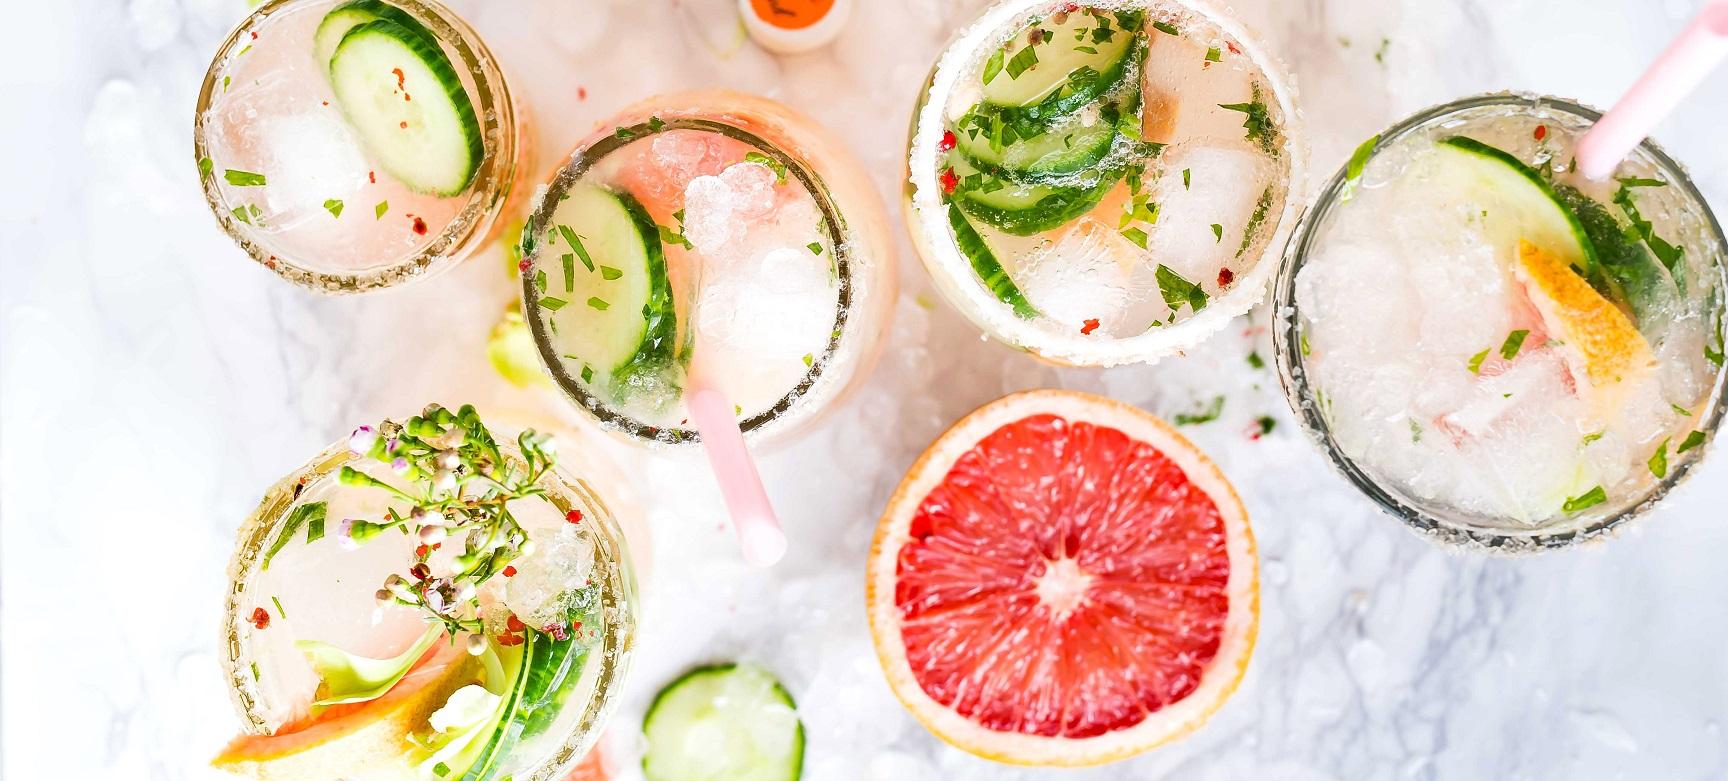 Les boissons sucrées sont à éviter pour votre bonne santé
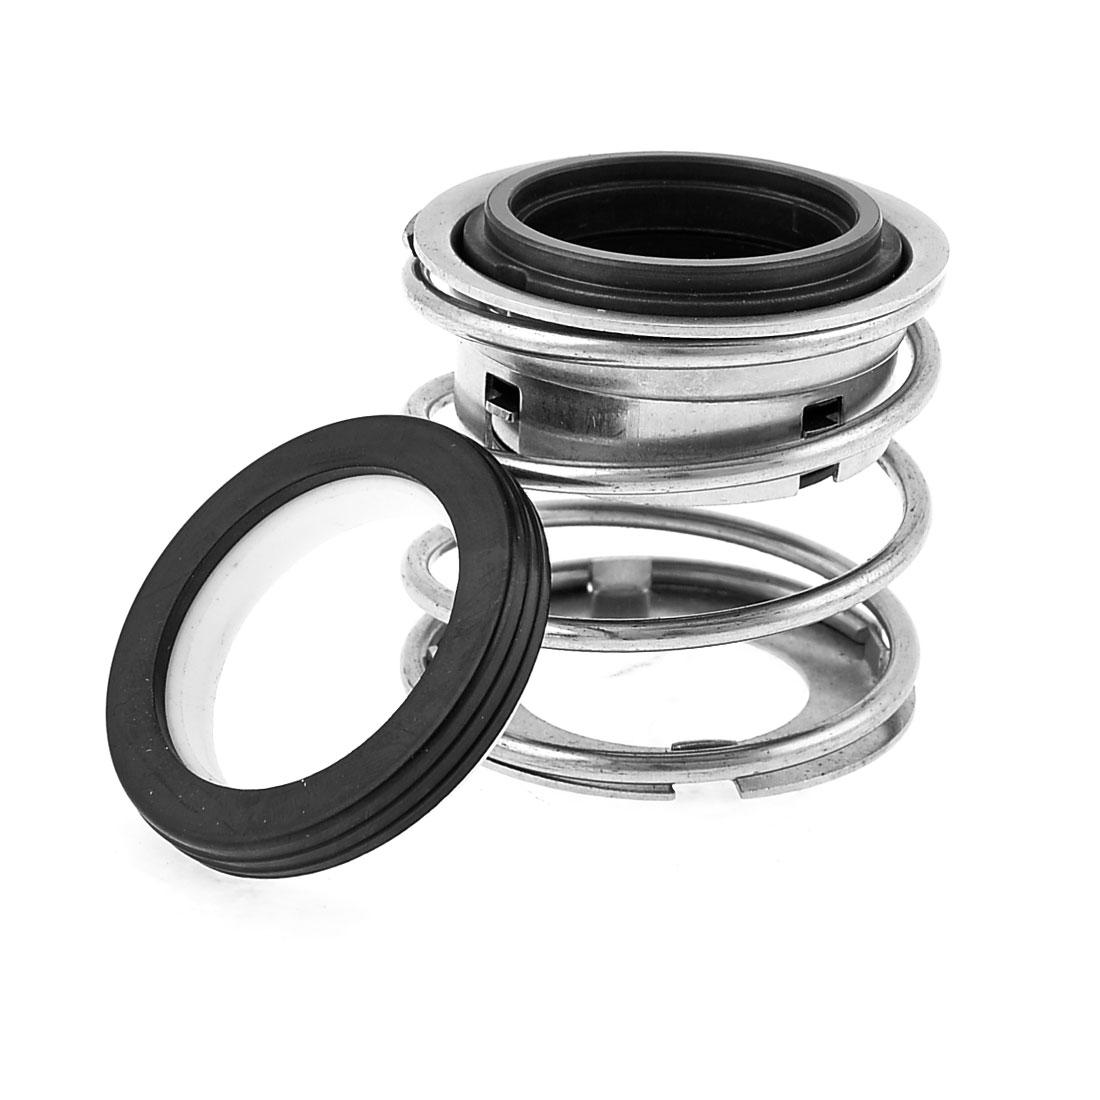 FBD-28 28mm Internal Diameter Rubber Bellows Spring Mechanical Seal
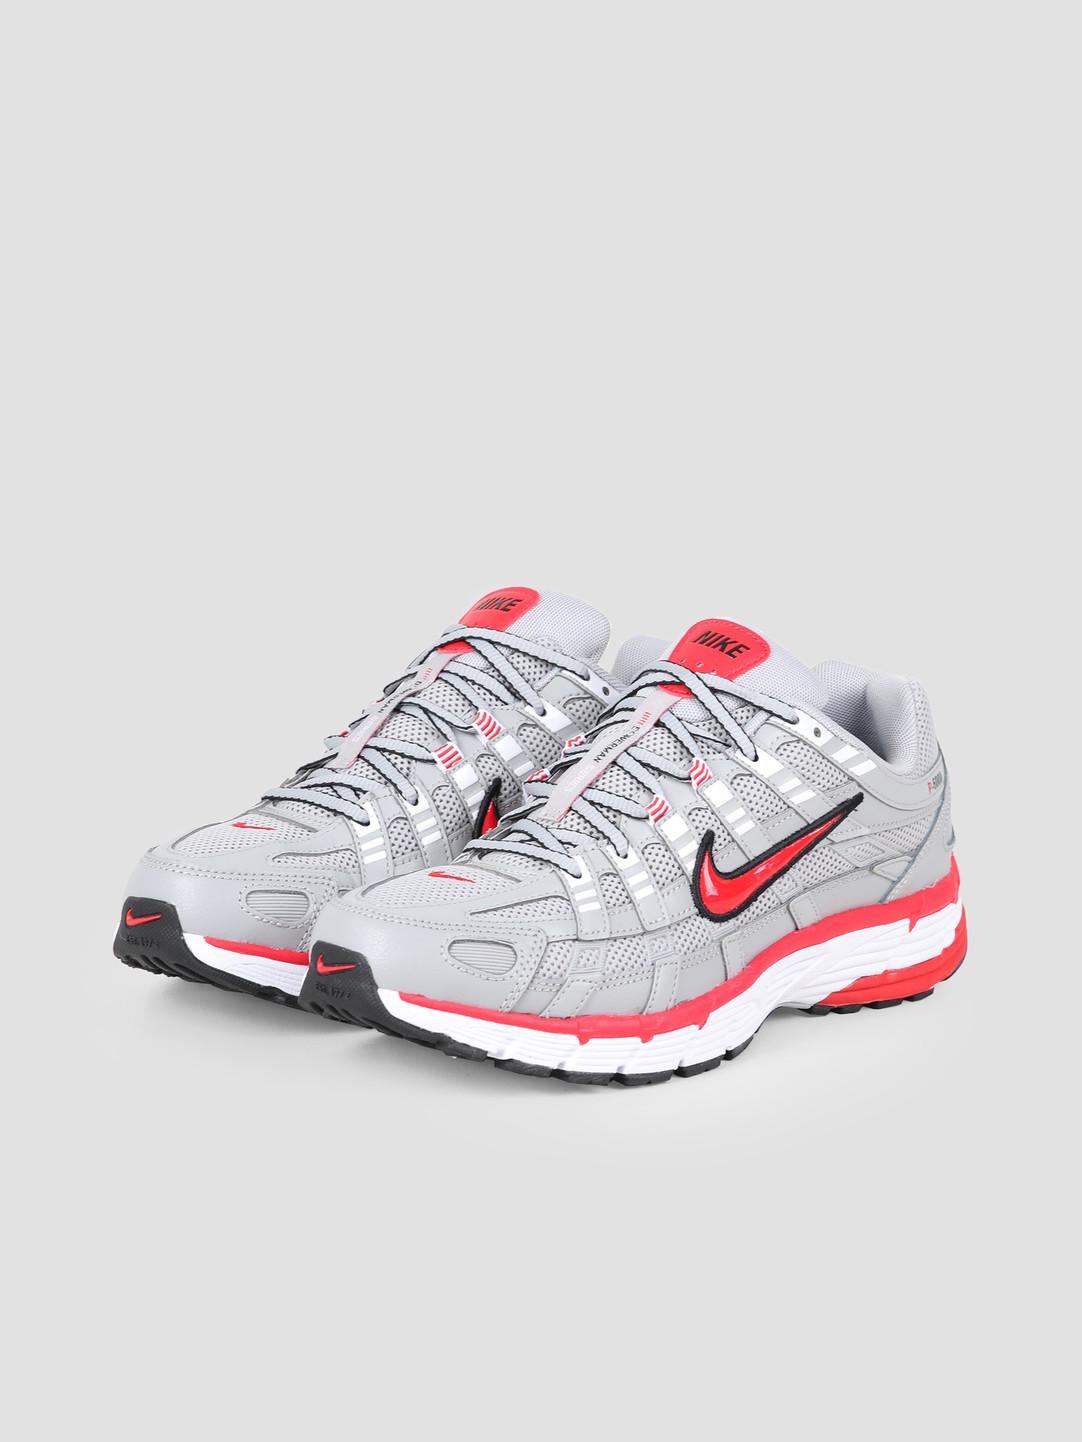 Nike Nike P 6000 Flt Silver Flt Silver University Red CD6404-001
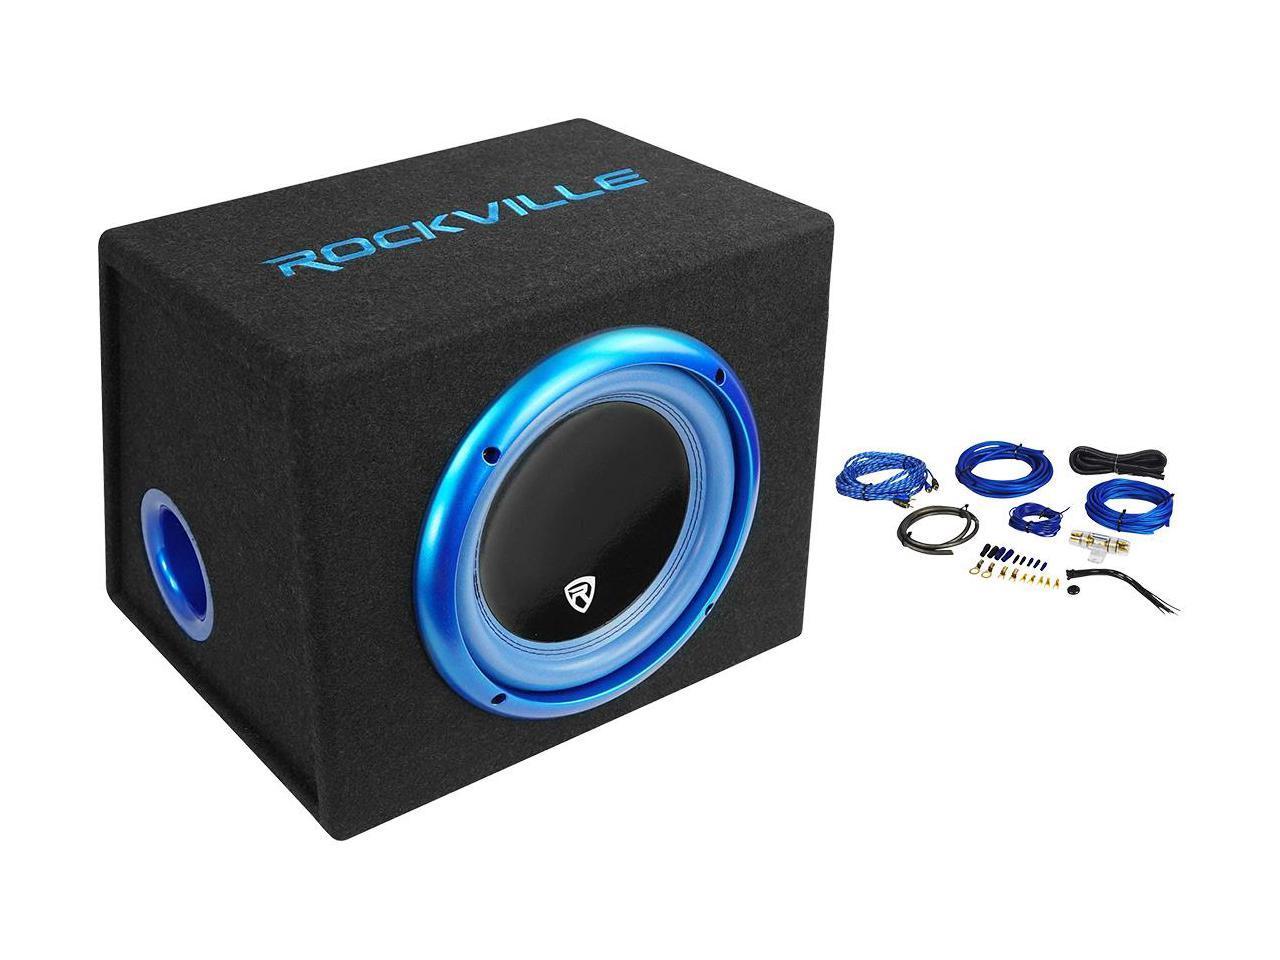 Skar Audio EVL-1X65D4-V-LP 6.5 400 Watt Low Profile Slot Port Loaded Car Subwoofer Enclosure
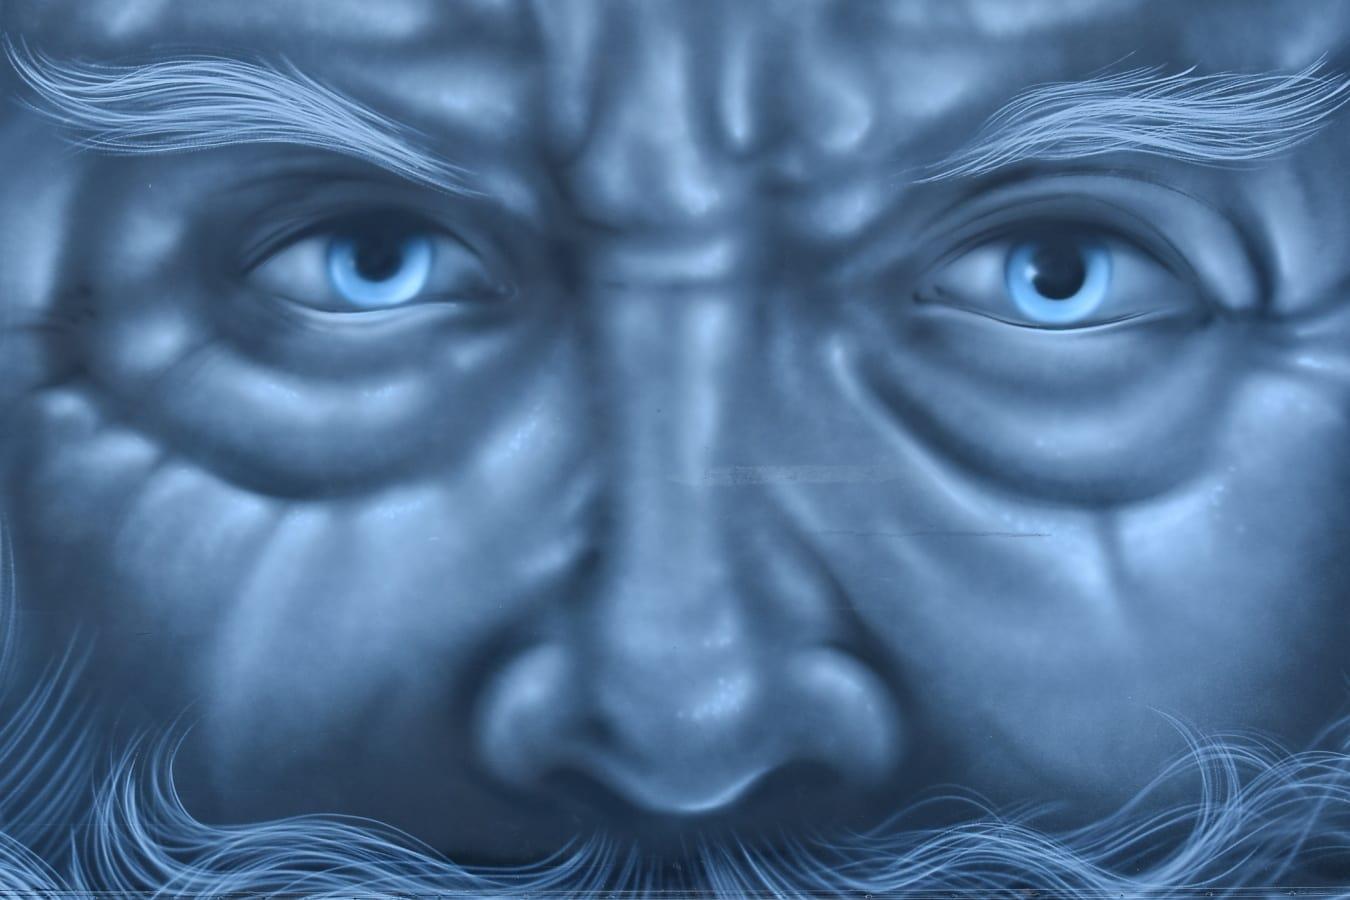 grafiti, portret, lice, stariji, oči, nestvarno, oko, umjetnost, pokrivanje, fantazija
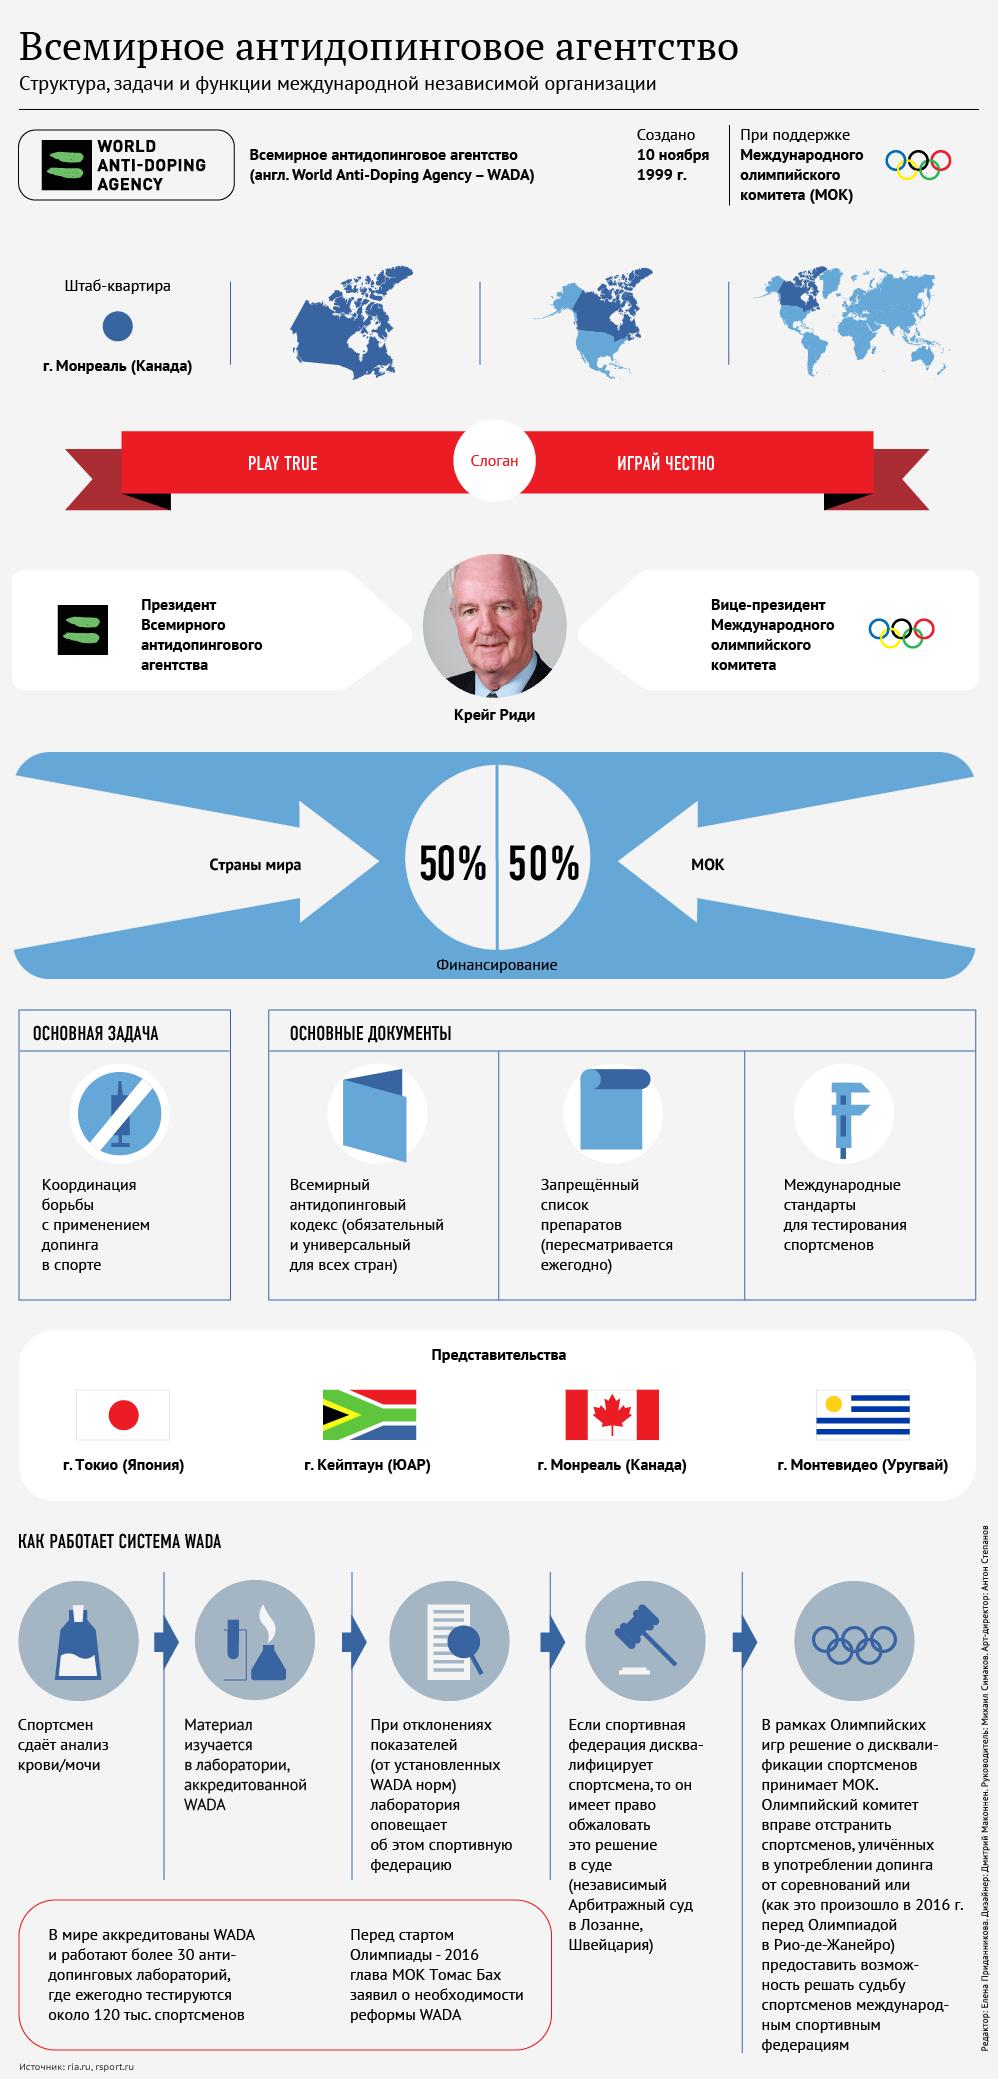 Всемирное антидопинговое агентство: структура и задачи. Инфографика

→ How to complete this task: Every line from the one containing "Skar Audio EVL-1X65D4-V-LP" to the final line of the records must be transcribed exactly, both ends included, with the pictures left out.

→ Your solution:
 Skar Audio EVL-1X65D4-V-LP 6.5 400 Watt Low Profile Slot Port Loaded Car Subwoofer Enclosure
 grafiti, portret, lice, stariji, oči, nestvarno, oko, umjetnost, pokrivanje, fantazija
 Всемирное антидопинговое агентство: структура и задачи. Инфографика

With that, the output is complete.